■ PROBLEM REQUIREMENTS
With the images removed, write out every line below exactly.

■ THE DATA
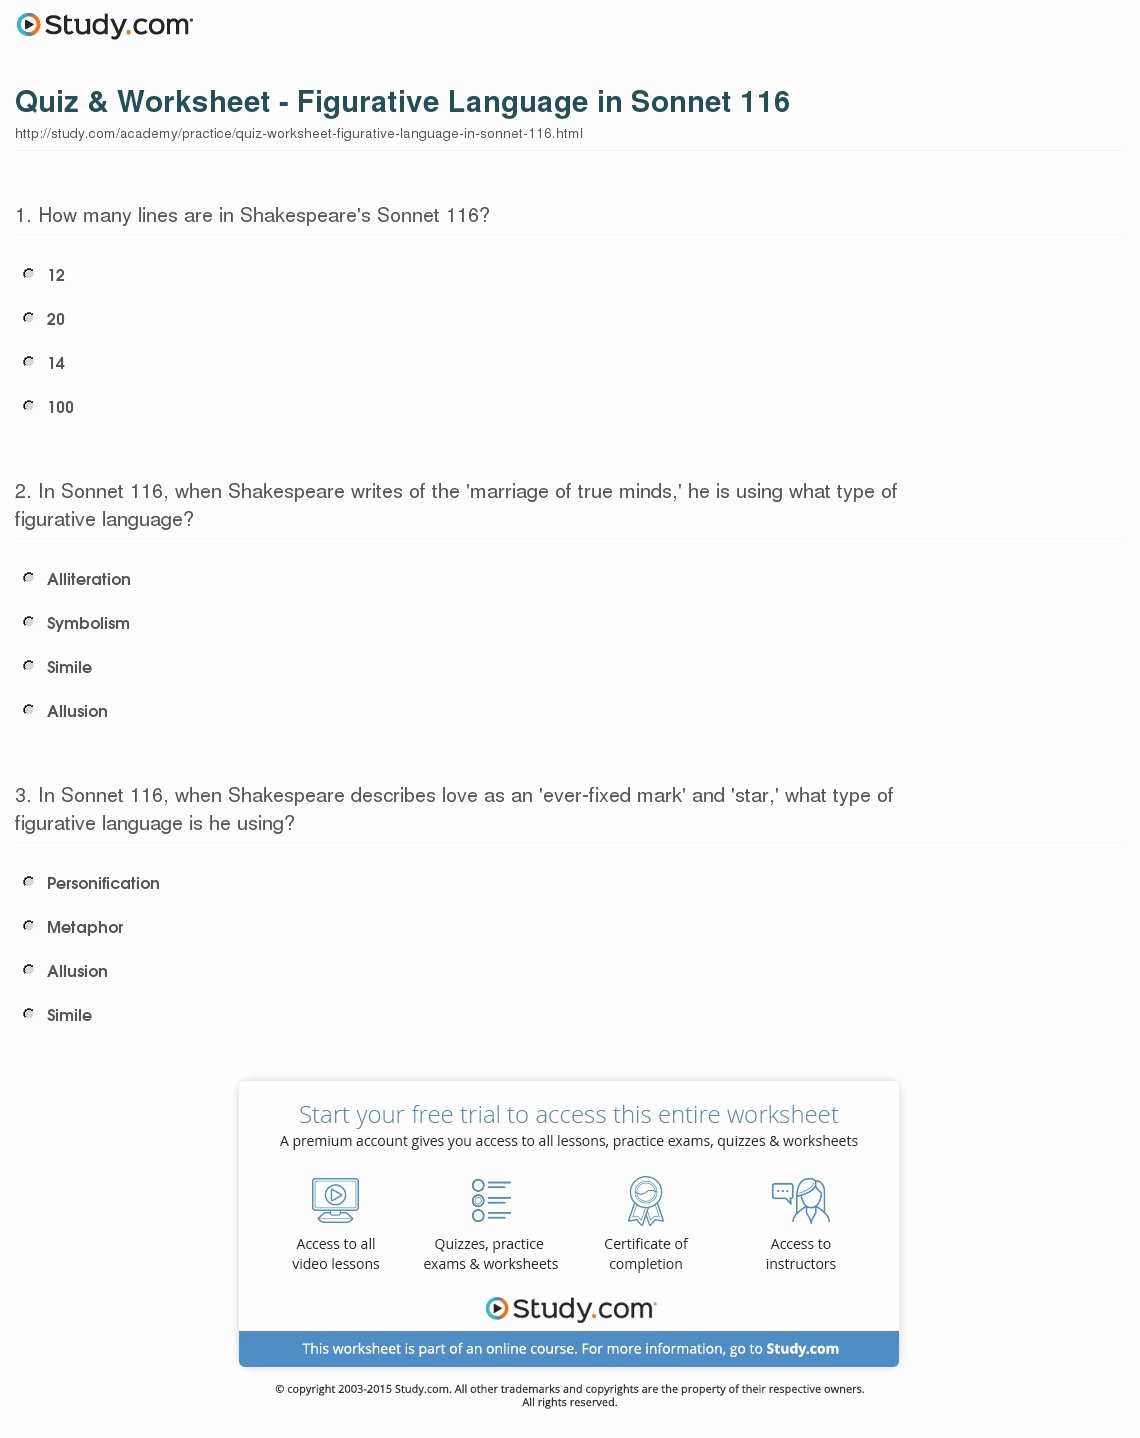 Figurative Language Worksheet 2 Answers Elegant Quiz &amp; Worksheet Figurative Language In sonnet 116
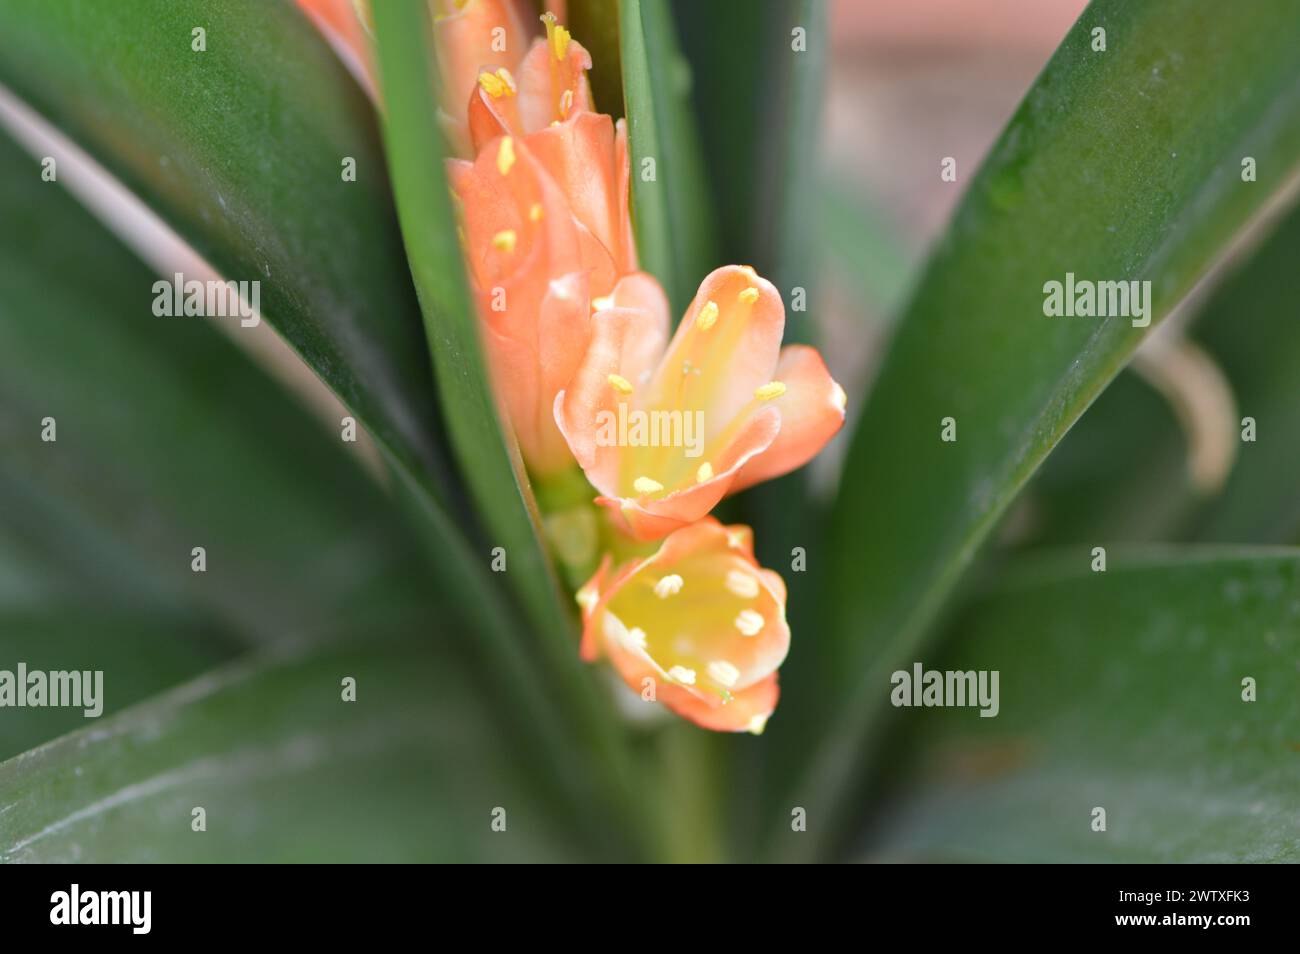 Fotografia macro de una flor naranja Stock Photo
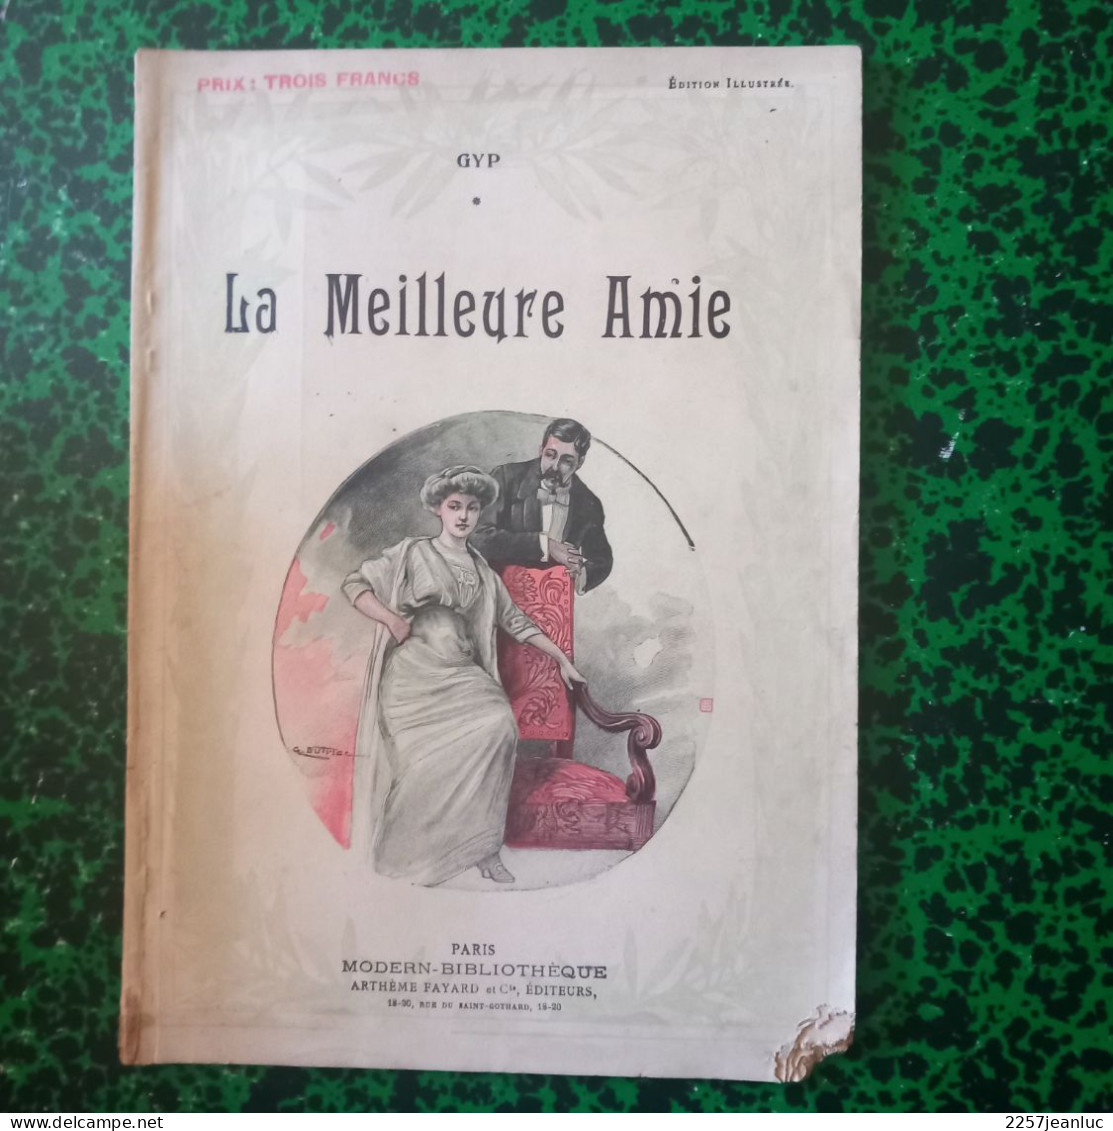 Edition Illustrée Gyp De 1913 * La Meilleure Amie - Romantici

■ ANSWER AREA
 Figurative Language Worksheet 2 Answers Elegant Quiz &amp; Worksheet Figurative Language In sonnet 116
 Fotografia macro de una flor naranja Stock Photo
 Edition Illustrée Gyp De 1913 * La Meilleure Amie - Romantici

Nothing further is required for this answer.